I just need a match on the first three columns if it is present in more than one file it should be eliminated. Thanks for all ur help.

radoulov · February 3, 2012, 11:33am

OK,
in this case the code I've provided is sufficient, isn't it?

jacobs.smith · February 3, 2012, 11:38am

I think so. But, my only question is that will your code matches numbers in the first three columns. Because, when u wrote the code all u had was alphabets.

Thanks for all ur help.

Sorry mods for somehow overlooking to include the code tags.

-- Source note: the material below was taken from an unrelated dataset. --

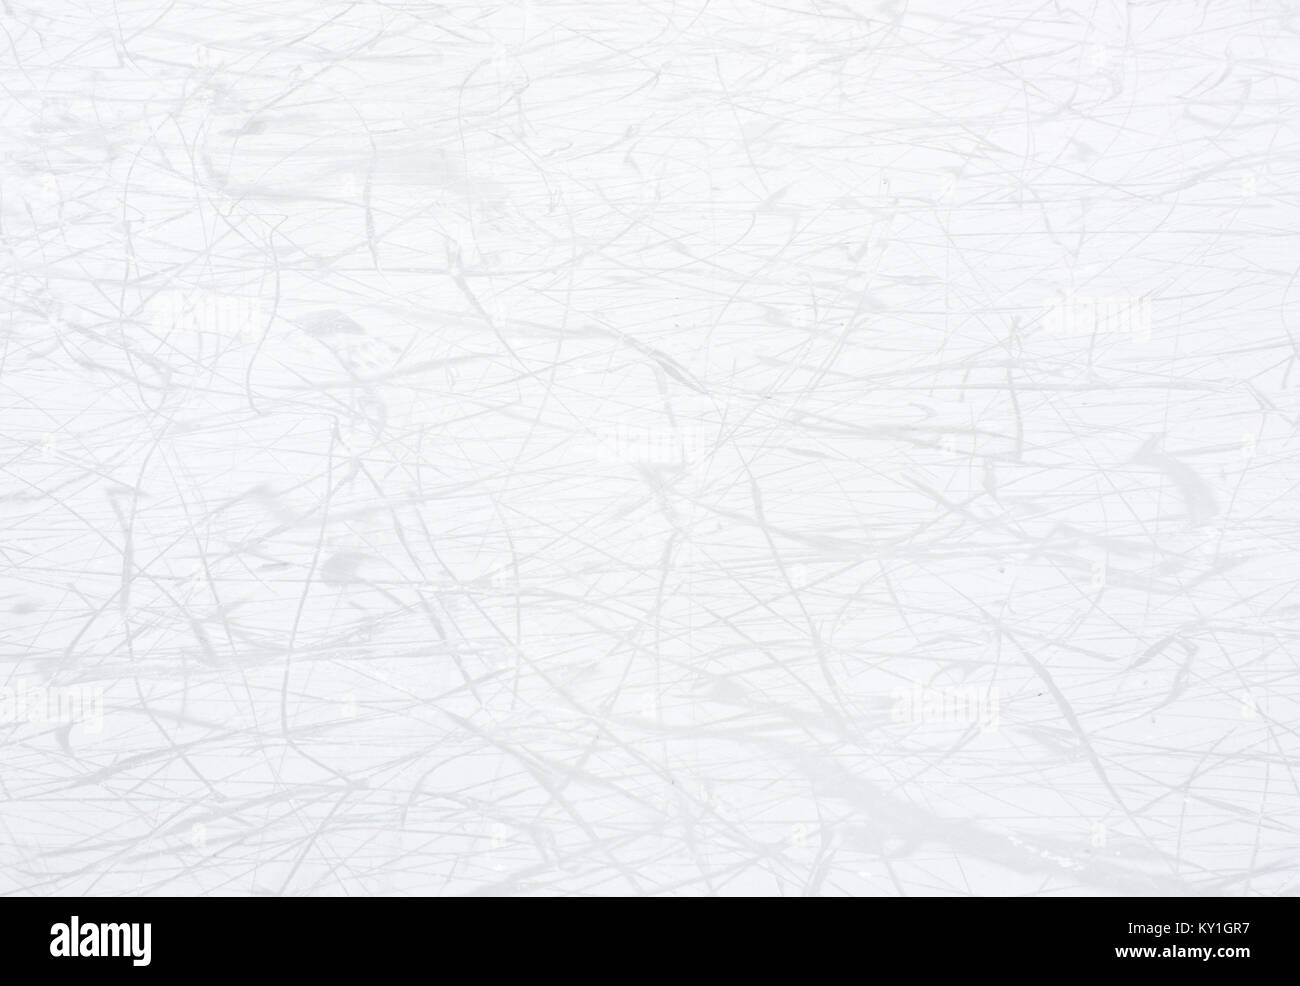 Líneas de garabatear suave abstracto sobre fondo blanco: pista de patinaje sobre hielo en invierno con hoja de detalle las marcas y arañazos Foto de stock

radoulov · February 3, 2012, 11:39am

No problem, just use code tags in the future.
Yes, the code compares the first three columns only and doesn't care about their content.

jacobs.smith · February 3, 2012, 11:42am

Perfect and cool.

Made my weekend happy. Cheers!!!

radoulov · February 3, 2012, 11:43am

You're welcome!

jacobs.smith · February 3, 2012, 5:23pm

cat 1.txt

cat 2.txt

cat3.txt

output.txt

Earlier before I asked for the unique ones. Now, I need the same unique ones but the duplicates should also be printed. If a record is present once or more than once across multiple files, it should be printed only once in my final output.

Thanks in advance.

radoulov · February 3, 2012, 5:28pm

I believe you're missing one line in your example output:

awk '!_[$0]++' [13].txt

jacobs.smith · February 3, 2012, 5:34pm

I just added it.

Sorry for it

radoulov · February 3, 2012, 5:42pm

If you want to restrict the uniqueness to certain columns only (1, 2 and 3 in this example):

awk '!_[$1, $2, $3]++' [13].txt

jacobs.smith · February 3, 2012, 5:43pm

I owe you a life time. Thanks. So, 13 indicates the range and not just the file names. Did I get it right?

Also, wat does this mean - !_

I know ! means not equal to and ++ means increment.

---------- Post updated at 05:43 PM ---------- Previous update was at 05:43 PM ----------

How could you read my mind? That was my next question.

radoulov · February 3, 2012, 5:45pm

[1-3].txt is a shell glob pattern which expands to the filenames:

zsh-4.3.14[t]% printf '%s\n' [1-3].txt
1.txt
2.txt
3.txt

jacobs.smith · February 3, 2012, 5:48pm

But, what does !_ means exactly.

Corona688 · February 3, 2012, 5:59pm

_ is the name of a variable.

He's using it as an array, hence _[ ].

The ! means _[$1, $2, $3] is blank.

The ++ increments the value at _[$1,$2,$3], so it's not blank anymore, meaning that further repeats of _[$1,$2,$3] won't be printed.